The propensity of the LIMPs to form hairpins as RNA and cruciforms as DNA, as depicted on Fig. 2b and c, respectively, was evaluated using mfold [19], a program that calculates the free energy (ΔG) of a DNA or RNA secondary structure. For the RNA hairpin, ΔG ranged between −101.7 and −21.7 kcal/mol (Table 2), compatible with the formation of at least some of these structures in vivo. To evaluate the propensity of the DNA to form cruciforms at the LIMP loci, we compared the free energy of the linear double-stranded B-DNA with that of the second-best structure, a cruciform where each strand folds onto itself according to the palindromic nature of the LIMP. As expected, the cruciform structure was markedly less stable, with an average difference 23.3 +/− 0.2 kcal/mol. This indicates that a DNA cruciform can form only if negative super-helicity is imposed to the molecule (see Discussion).

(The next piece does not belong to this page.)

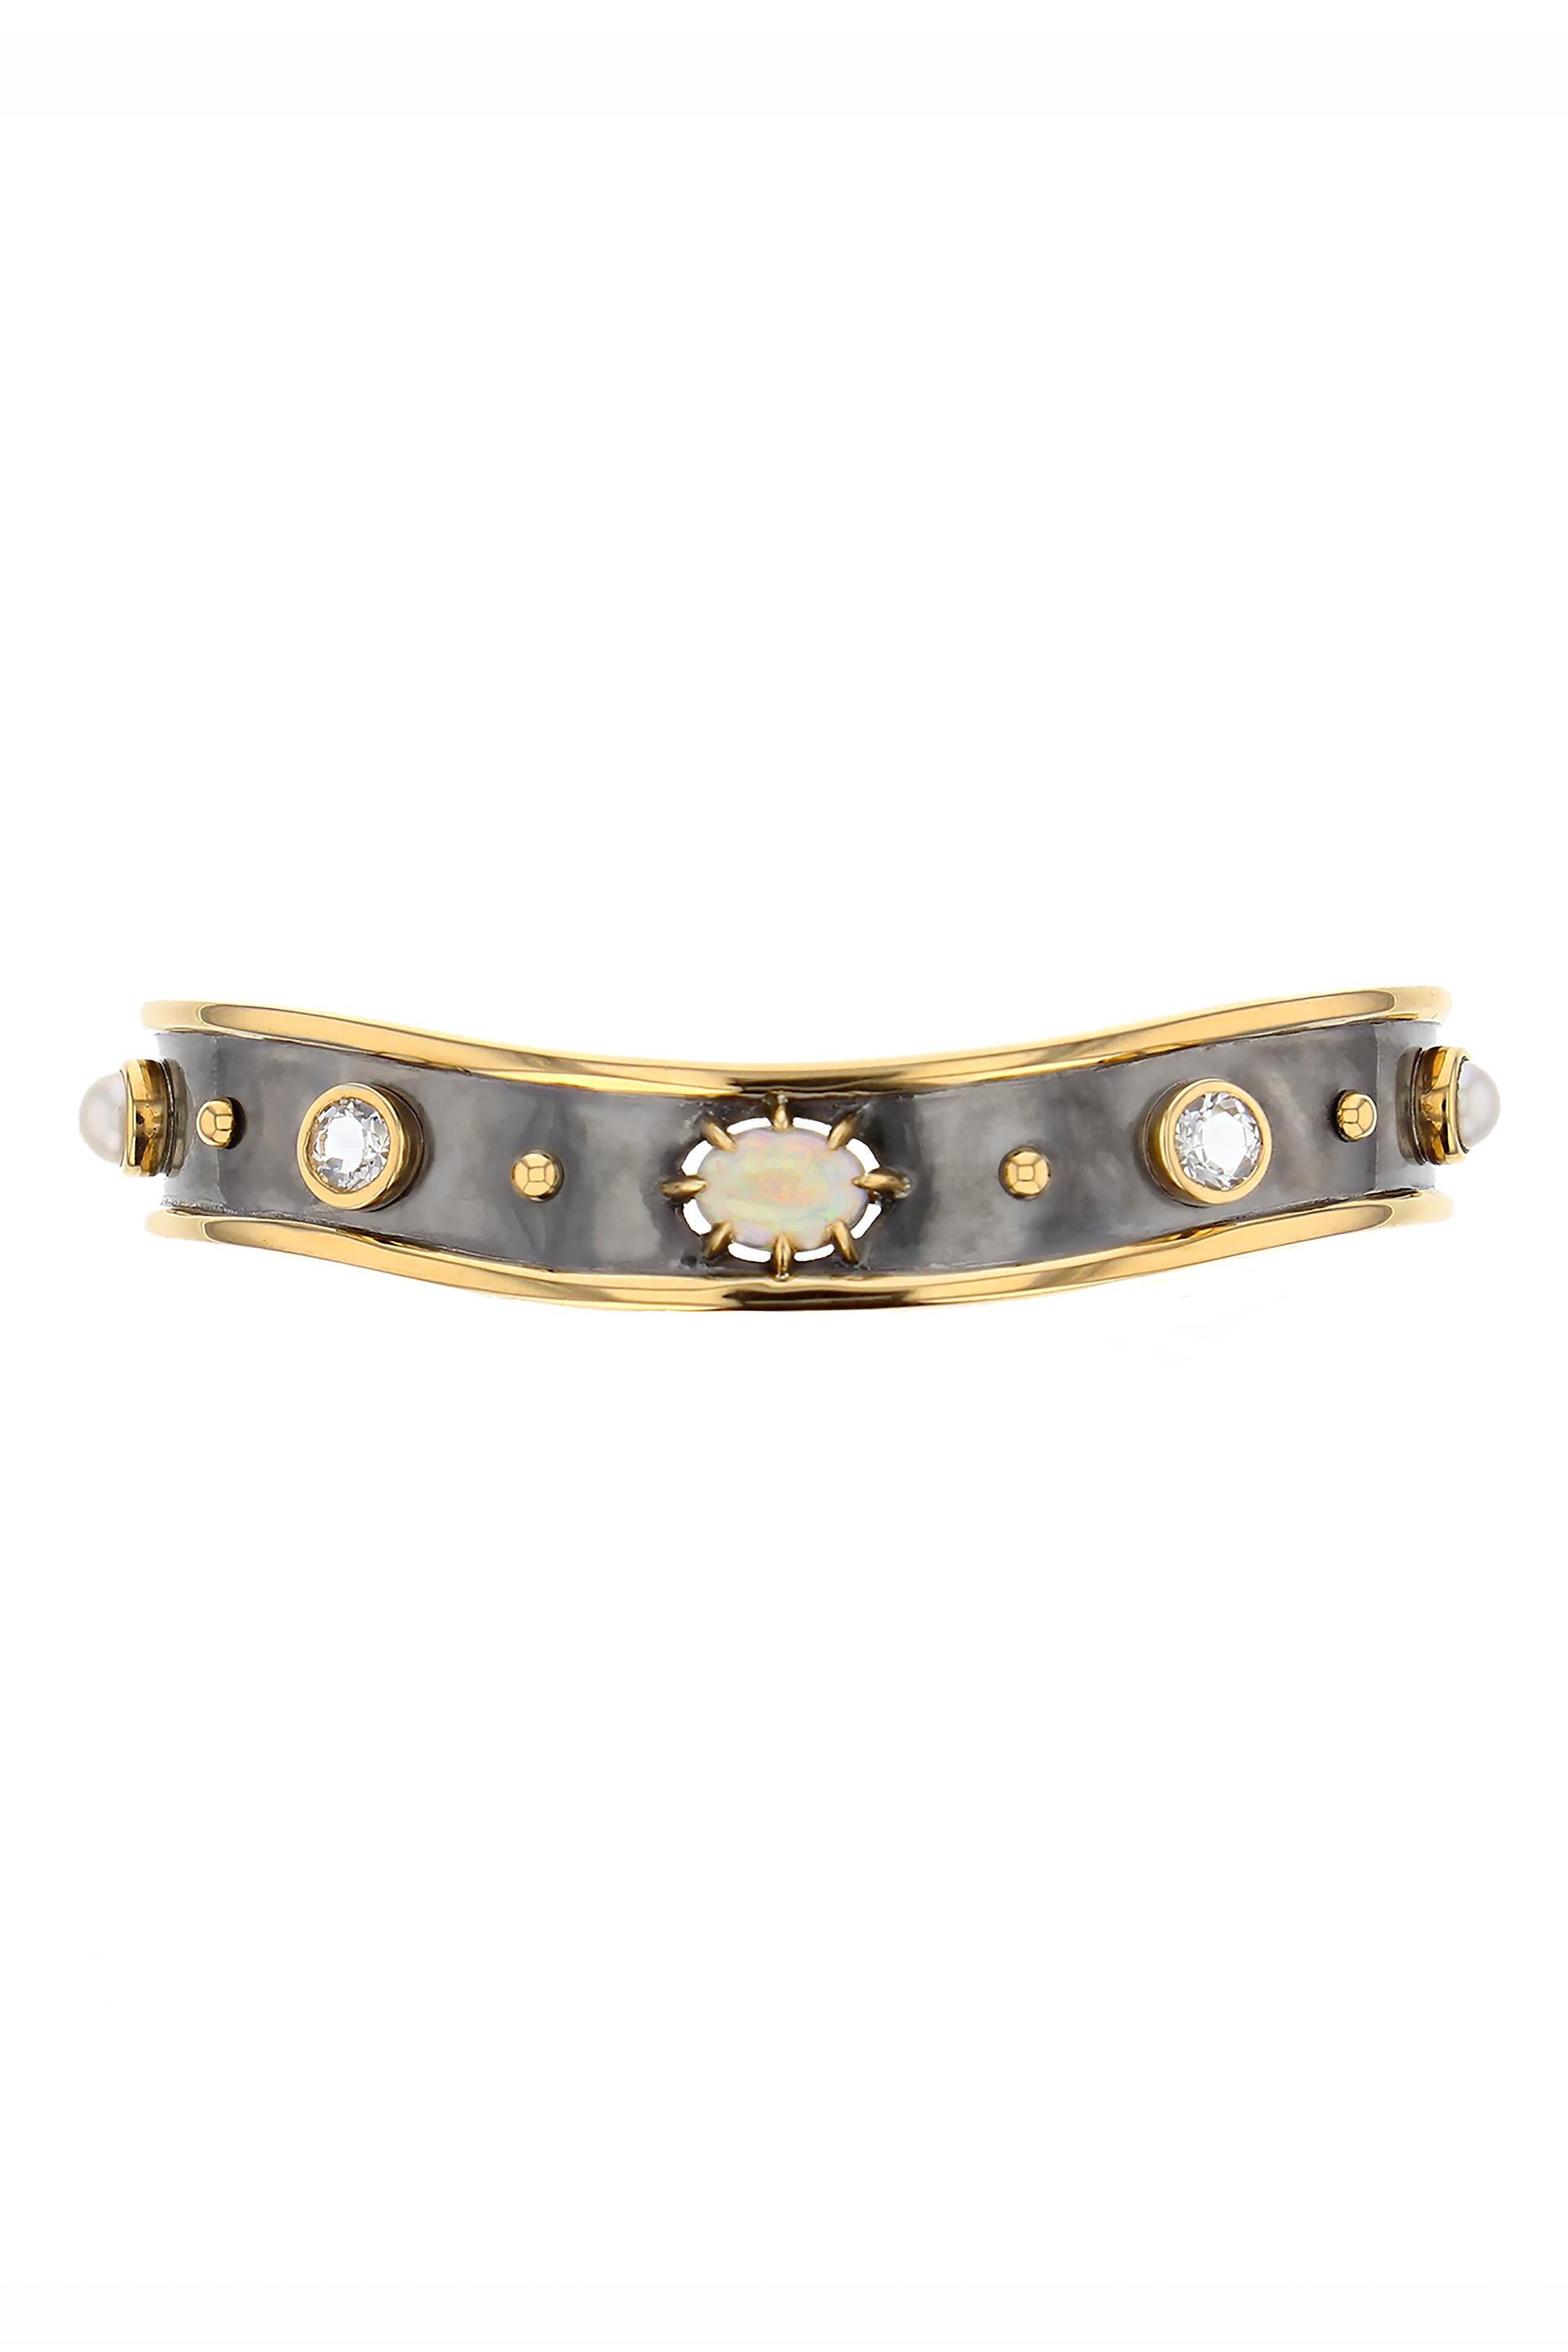 Opal, Sapphire and Akoya Pearls Bandeau Bracelet in 18k Yellow Gold by Elie Top For Sale

LIMPs can be sites of genome rearrangements

Remarkably, all LIMPs share (virtually) identical flanking sequences with at least one other LIMP (Fig. 2a). The regions of identity are short, covering between 15 and 70 bp immediately next to the LIMPs, except for LIMPs #5 and 15 that share 104 bp of left flank and for LIMPs #10 and 15 that share 114 bp of right flank. Some LIMPs share only one flank (e.g., LIMPs #1 and 11), others show identity on both sides (e.g., LIMPs #16 and 18), and there are LIMPs sharing reverse-complemented flanks, where the left flank of a LIMP corresponds to the complementary sequence of the right flank of another LIMP or vice-versa (e.g., LIMPs #11 and 13 or LIMPs #7 and 14). For LIMP #10, the shortest of all LIMPs, the right flank is the reverse-complement of the left flank, so that the palindrome in this case is extended by 21 bp on each side. In a couple of instances the identical flanks actually correspond to copies of intergenic dispersed sequences that are found at other positions on the genome (Table 1). For example, LIMPs #4, 16 and 18 (Fig. 2a) are inserted within copies of repeat_2 that is found 16 times in the genome.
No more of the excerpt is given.